The ICTO framework exhibits notable performance improvements over baseline methods, primarily due to its training strategy that integrates successful and failed trajectories. Compared with SFT, ICTO effectively leveraged failed exploration trajectories to improve the decisionmaking process. When compared with ETO, ICTO provided more refined step-by-step guidance, enhancing learning outcomes. Compared with IPR, ICTO’s contrastive learning mechanism offered stronger learning signals, resulting in better performance across various task environments. Additionally, ICTO surpassed RLCD and NAT, verifying the effectiveness of its contrastive learning and stepwise optimization strategies.

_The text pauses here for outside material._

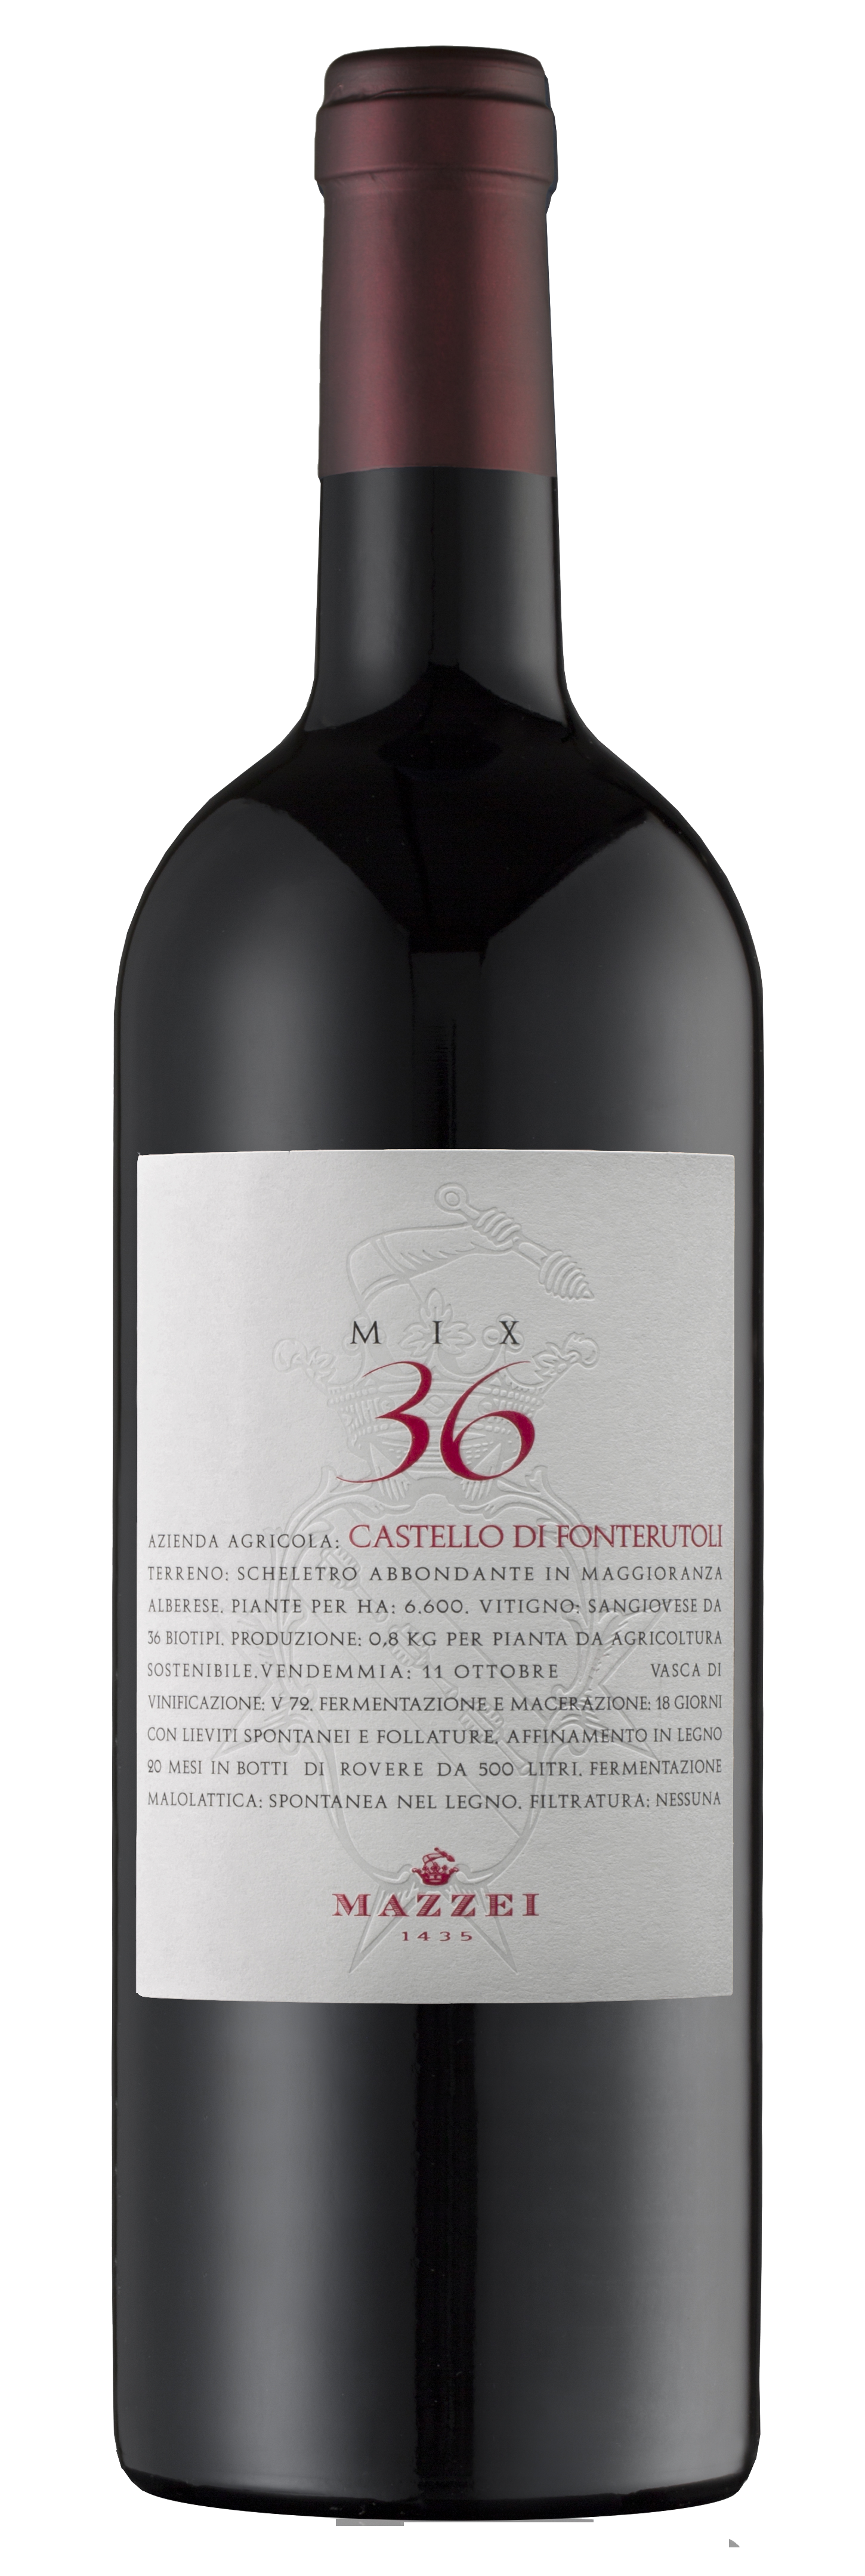 Bottle of Castello di Fonterutoli Mix 36 red wine

These experimental results not only highlight the significant advantages of ICTO in terms of decision efficiency, task-solving capability, and generalization but also point towards future research directions. Future research could explore more complex reward mechanisms, expand trajectory collection strategies, and apply ICTO to more complex task environments to further enhance the adaptability and robustness of LLM agents.
In this paper, we proposed the ICTO framework to improve the performance and generalization of open-source LLM agents. ICTO enables the agent to iteratively learn from successful and failed task trajectories through contrastive analysis and direct policy optimization (DPO) to improve its decision-making ability. Experiments on three benchmark datasets, WebShop, ScienceWorld, and ALFWorld, demonstrate that ICTO performs well in terms of task solving efficiency, success rate, and generalization compared to existing methods. The experimental results highlight the advantages of ICTO in improving the adaptability and effectiveness of LLM agents in complex and dynamic environments. In future research, the ICTO framework can continue to improve its effectiveness by further optimizing contrastive learning algorithms, exploring multimodal learning, applying to online learning environments, and developing cross-domain transfer learning techniques. In addition, as ICTO is deployed in more application scenarios, considering its ethical and social impacts will also become an important part of research.